The Concept of Mealy Machine
In finite automata theory, the Mealy machine is a type of machine that can produce output. A Mealy machine's output capability is its unique thing. In this machine, the output depends on both the present state and the present input.
If we try to get differences with finite automata with no outputs, we can say in NFA or DFA we typically determined whether a string is accepted or rejected by starting from an initial state and potentially reaching multiple final states.
In case of Moore or Mealy machines, they do not require a final state. It has an initial state, but no final state is needed. Instead, for every input given to a state, the Mealy machine produces an output, which is recorded at each state.
Components of a Mealy Machine
Mealy machines are six-tuples by their definitions, which are similar to those we learnt in NFA and DFA but with one additional component.
Let's define these tuples −
- Q − A finite set of states (e.g., Q0, Q1, Q2).
- Σ (Sigma) − A finite set called the input alphabet (e.g., A, B).
- δ (Small delta) − The transition function, where Q × Σ → Q. It describes the state transitions based on the input alphabet.
- q0 − The initial state.
- O − A finite set of symbols called the output alphabet.
- λ (Lambda) − The output transition function, where λ: Q × Σ → O. It specifies the output for each state and input pair.
There are two transition functions, the state transition and output transition functions.
- The state transition function (δ) defines how the machine moves from one state to another based on the input. For instance, if we are in state Q0 and we give input 1, we may move to state Q1.

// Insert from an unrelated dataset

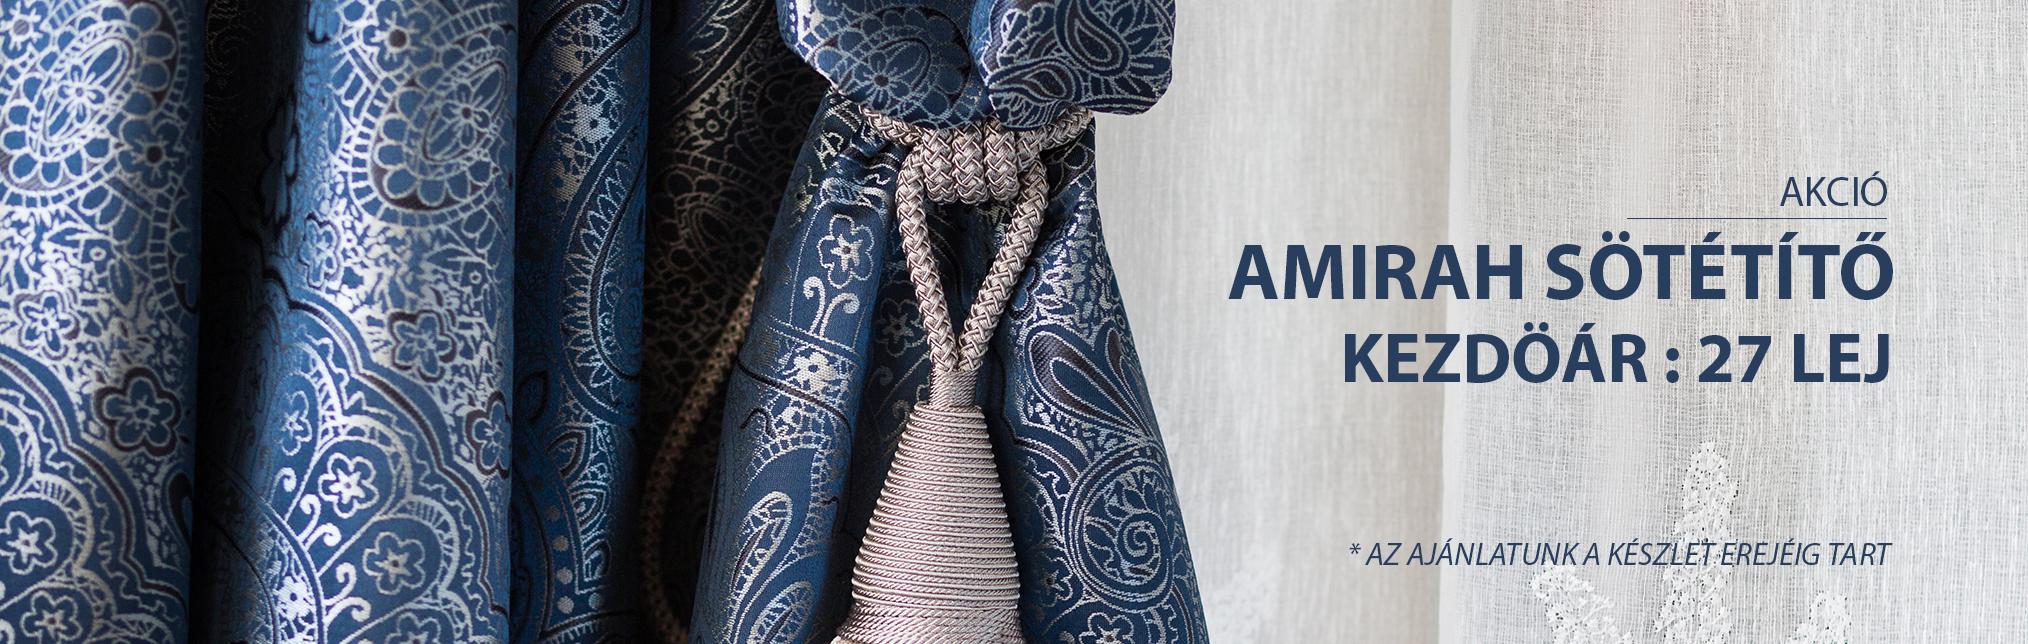 AMIRAH SÖTÉTÍTŐ - AKCIÓ KEZDÖÁR 27 LEJ

- The output transition function (λ) specifies the output produced for each input given to a state. For example, if we are in state Q0 and give input 1, the output might be A.
Designing a Mealy Machine
Let us take a couple of examples to understand the process of designing a Mealy machine.
Example 1
As our first example, consider the following transition table and graph −
State | Input 0 | Input 1 |
---|---|---|
q0 | q1, a | q2, a |
q1 | q1, b | q3, c |
q2 | q3, c | q2, a |
q3 | q3, c | q3, b |
From this table, we can create the Mealy machine by mapping the states, inputs, and outputs as described.

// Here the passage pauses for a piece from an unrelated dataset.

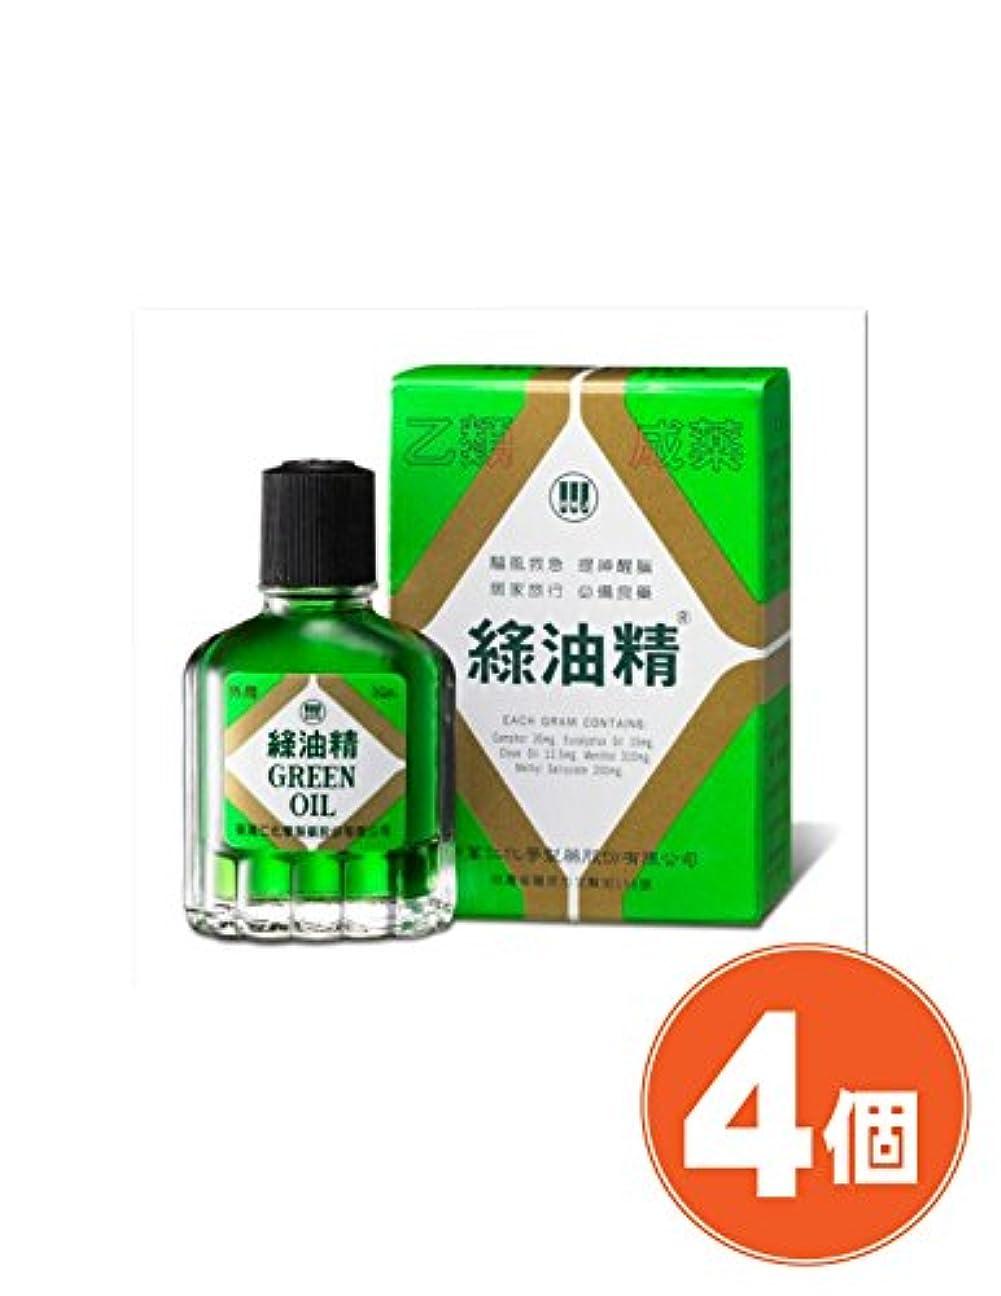 バーガー不忠五月《新萬仁》台湾の万能グリーンオイル 緑油精 3g ×4個 《台湾 お土産》 [並行輸入品]

From the above machine, we can determine the output from a given input. We can analyse like this −
- Start at q0
- Input 0: Transition to q1, output a
- Input 1: Transition to q3, output c
- Input 1: Stay in q3, output b
- Input 1: Stay in q3, output b
So, the output string is "acbbb"
Example 2
Let us take another example for complementing a binary input string through a Mealy machine.
State | Input 0 | Input 1 |
---|---|---|
q0 | q1, 1 | q2, 0 |
The graph will look like this −

There is only one state. For input 0: stay in q0, output 1. And for input 1, stay in q0, output 0.
So, for the input string "011," the output should be "100," which is the 1's complement of the given string.
Conclusion
For finite automata with outputs, we consider the Moore and Mealy machines. We already learnt the Moore, here outputs are coming with the transition, so before reaching a state we are getting output. It is characterized by having an initial state but no final state.
In this chapter, we explained the structure of Mealy machines and how they are formed.